“Your Eminence has heard all this,” he said coldly, addressing the Cardinal who sat rigidly in his chair, silent and very pale.
“I have,” replied Bonpre in a low strained tone.
“And I presume your Eminence permits—?”
“Why talk of permission?” interrupted the Cardinal, raising his eyes with a sorrowful look, “Who is to permit or deny freedom of speech in these days? Have I—have you—the right to declare that a man shall not express his thoughts? In what way are we to act? Deny a hearing? We cannot—we dare not—not if we obey our Lord, who says, ’Whatsoever ye would that men should do unto you, do ye even so to them.’ If we ask for ourselves to be heard, we must also hear.”
“We may hear—but in such a case as the present one must we not also condemn?” demanded Moretti, watching the venerable prelate narrowly.
“We can only condemn in the case of a great sin,” replied Bonpre gently, “and even then our condemnation must be passed with fear and trembling, and with full knowledge of all the facts pertaining to the error. ‘Judge not that ye be not judged.’ We are told plainly that our brother may sin against us not only seven times but seventy times seven, and still we are bound to forgive, to sustain, to help, and not to trample down the already fallen.”
“These are your Eminence’s opinions?” said Moretti.
“Most assuredly!
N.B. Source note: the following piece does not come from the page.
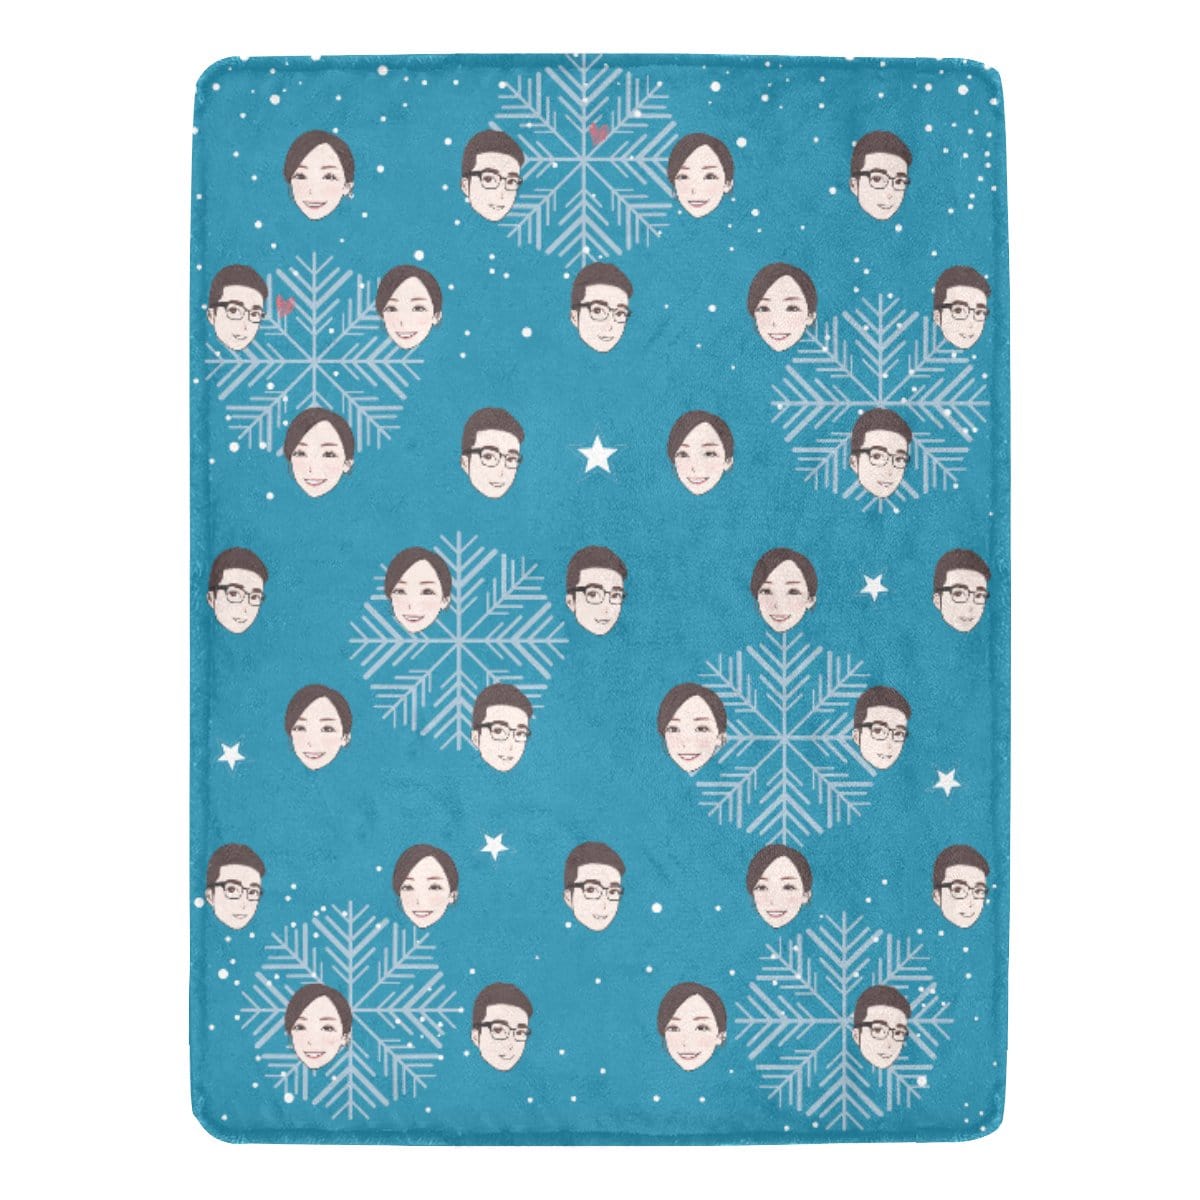 早鳥聖誕禮物定製-客製化插畫毛毯-雪花(藍)款式 Christmas Blanket (Blue)  Custom Blanket with tailor-made illustration. - HKGIFTFORU

Are they not yours?”
Moretti smiled coldly.
“No. I confess they are not! I am a faithful servant of the Church; and the Church is a system of moral government in which, if the slightest laxity be permitted, the whole fabric is in danger—”
“A house of cards then, which a breath may blow down!” interposed “Gys Grandit,” otherwise Cyrillon Vergniaud, “Surely an unstable foundation for the everlasting ethics of Christ!”
“I did not speak to you, sir,” said Moretti, turning upon him angrily.
“I know you did not. I spoke to you,” answered the young man coolly, “I have as much right to speak to you, as you have to speak to me, or to be silent—if you choose. You say the Church is a system of moral government. Well, look back on the past, and see what it has done in the way of governing. In the very earliest days of Christianity, when men were simple and sincere, when their faith in the power of the Divine things was strong and pure, the Church was indeed a safeguard, and a powerful restraint on man’s uneducated licentiousness and inherent love of strife. But when the lust of gain began to creep like a fever into the blood of those with whom worldly riches should be as nothing compared to the riches of the mind, the heart, and the spirit, then the dryrot of hypocrisy set in—then came craftiness, cruelty, injustice, and pitilessness, and such grossness of personal conduct as revolts even the soul of an admitted sinner. Moral government? Where is it to day? Look at France—Italy—Spain! Count up the lies told by the priests in these countries to feed the follies of the ignorant! Did Christ ever tell lies? No. Then why, if you are His follower, do you tell them?”